In the silence after his words, he saw she was upset, but he couldn’t back down. He stood up. “I won’t tell anyone. I wouldn’t do any actual dental work. Come on, please.”
She gave that familiar compassionate look. “If it’s that important, fine. Let’s do it.” She sat down in the patient chair, moved the swing arm to the level of her face and bit down on the ridges.
He sat down at the rig, in her spot. He leaned forward into the goggles, and he was inside her mouth.
His surroundings weren’t disgusting. His view down her throat was blocked by the immense plastic wedge, leaving him alone with her teeth.
Those teeth. In that world, each one of them dwarfed him, like epic monuments of some long forgotten civilization.
The computer identified Basma by her teeth alone, and her name displayed as both patient and operator. Overlays appeared, and the area of any previous dental work was covered by distracting bright shades of green, orange and red. That was the record of the whole history of her mouth.
He moved the handles and flew up through her open bite to the outside of her jaw, heard the tiny motors move in her mouth and understood at last what each sound meant. He had to be careful without knowing what the extra dental controls did, but he tested a couple of them anyway. Soon, he had the wind and water whipping at his command around the ancient monuments of molars, incisors and canines, and it was great.

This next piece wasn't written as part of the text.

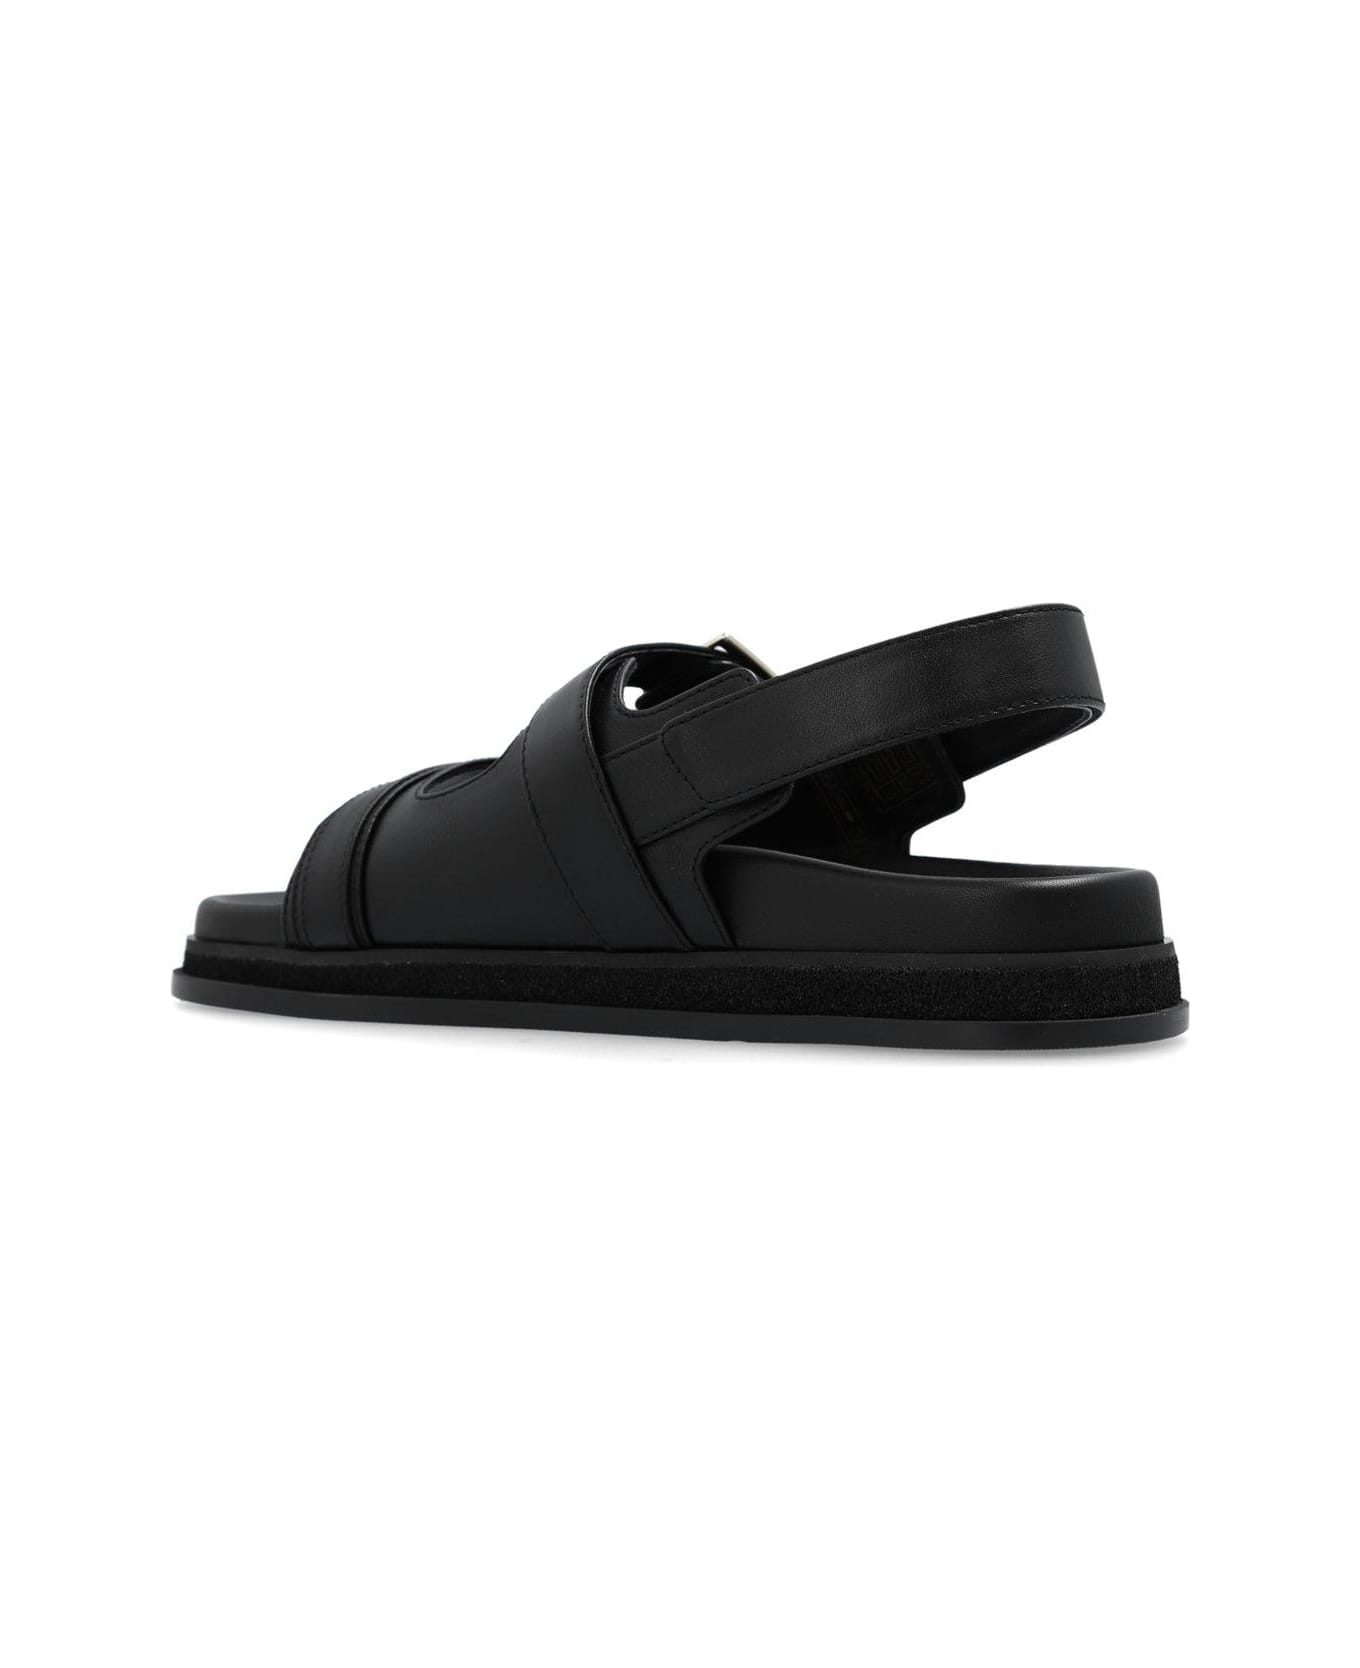 Jimmy Choo Flat Sandals - Black

He understood why Basma didn’t want him to do this, why she wanted to keep that feeling of power private for herself and those of her profession. Having felt it himself, he was satisfied that it was harmless.

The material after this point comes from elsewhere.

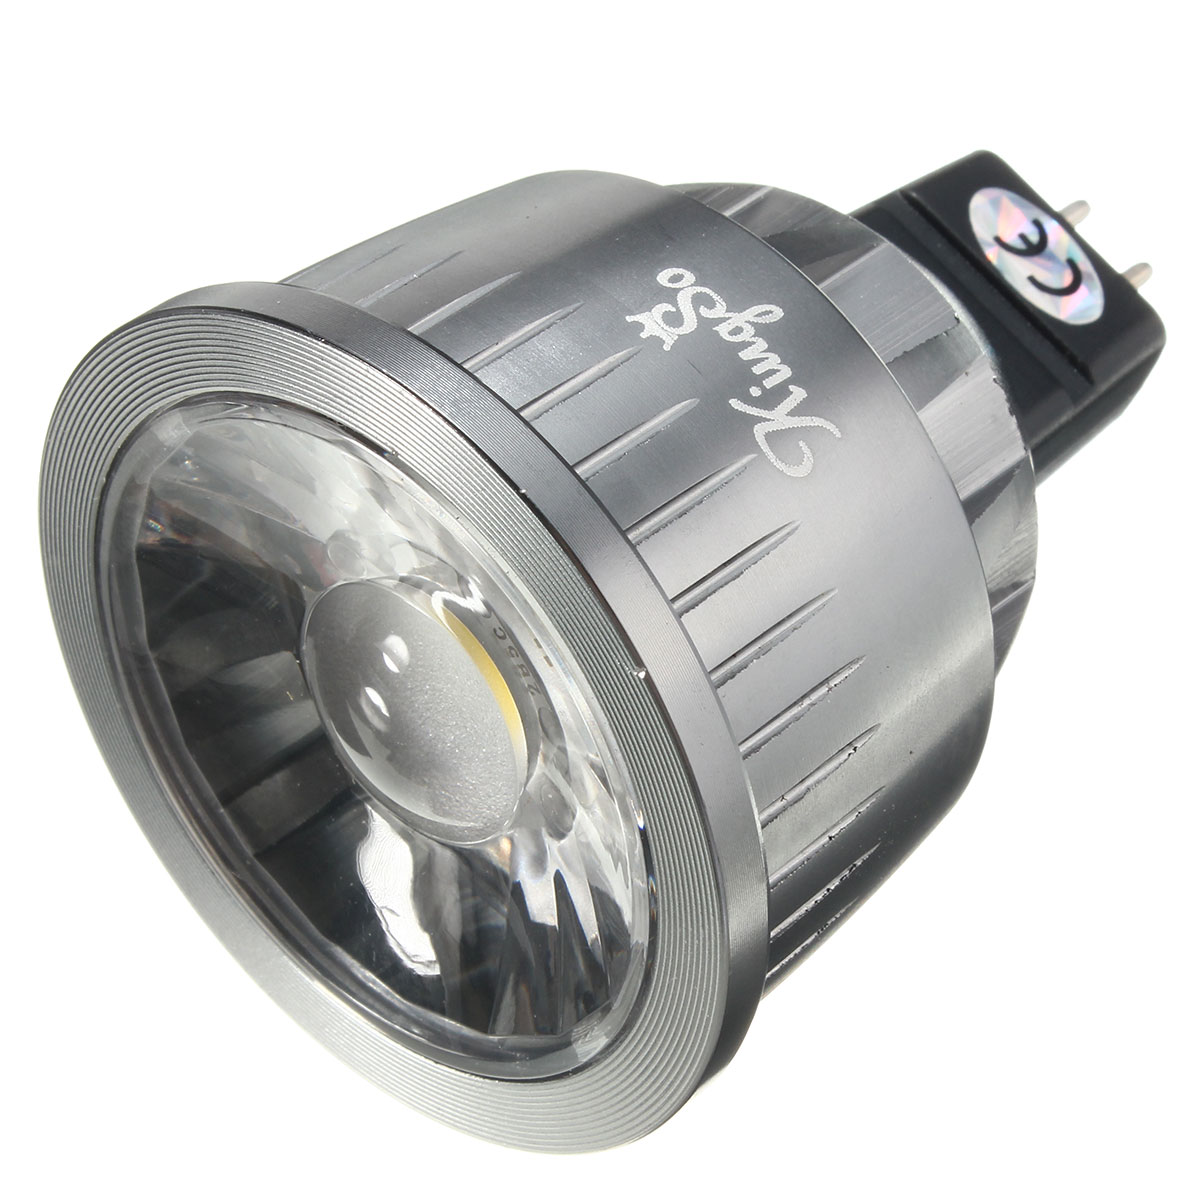 Dimmable-MR16-5W-LED-COB-Spotlight-Light-Bulb-for-Home-Office-Kitchen-DC12V-1424983-5
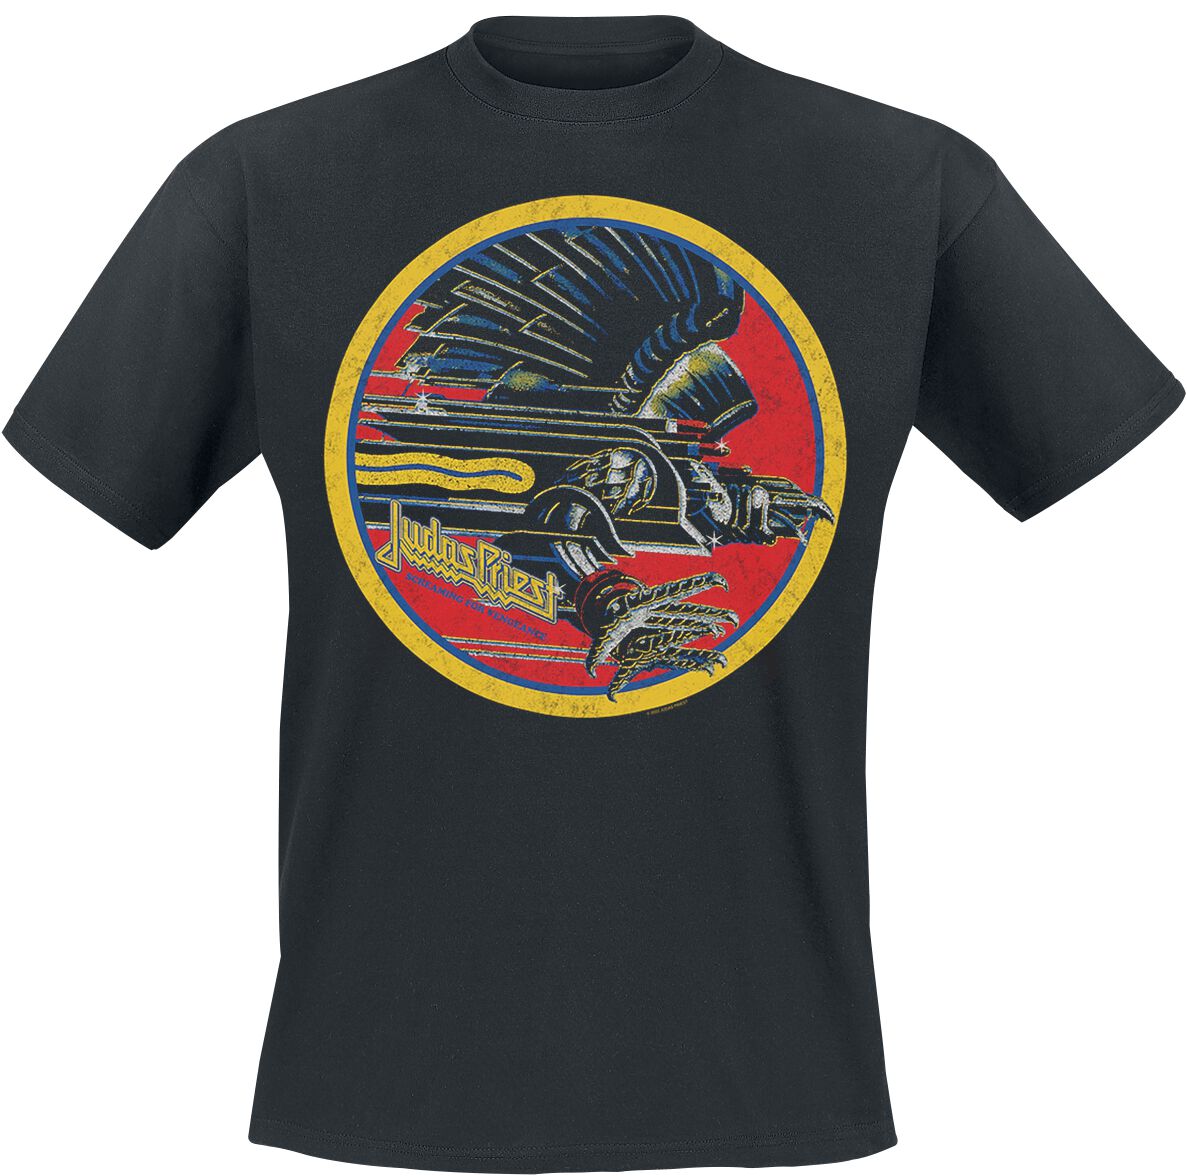 Judas Priest Vintage Distressed Circle T-Shirt black

He retracted all the devices and pulled his face from the goggles. He smiled at her.
She was still in the chair next to him, watching him with sad eyes, and she took the wedge out of her mouth. “It’s a strange experience, sitting here with nothing to do but watch you and hear the noises you make.”
He didn’t know what sounds might have come from him, but her tone made him nervous. “Yes,” he said, “that’s what I did before.”
She took a deep breath. “You made me happy for a long time, and I was happy to be with you again, inside you for a change, but I realized, that feeling wasn’t from you anymore. I just really like my job.”
“But,” he reached out for her. “We’ve shared something here.”
Her eyes were kind, but her jaw tensed. Her voice became calm and professional again. “Thank you for coming in today, Anton.” She stood up, opened the door of their tiny room and held it open for him, another reversal of chivalry. “You may have some soreness in that area for a day or two, and make sure not to eat any nuts for the next few hours.”
He smiled with the unparalyzed side of his mouth and tried to bring back their earlier banter. “Hey, you either.”
She didn’t smile back.
He left the dental offices in a daze, feeling like he’d lost her all over again, wishing the anesthetic left in his jaw would spread down to his heart.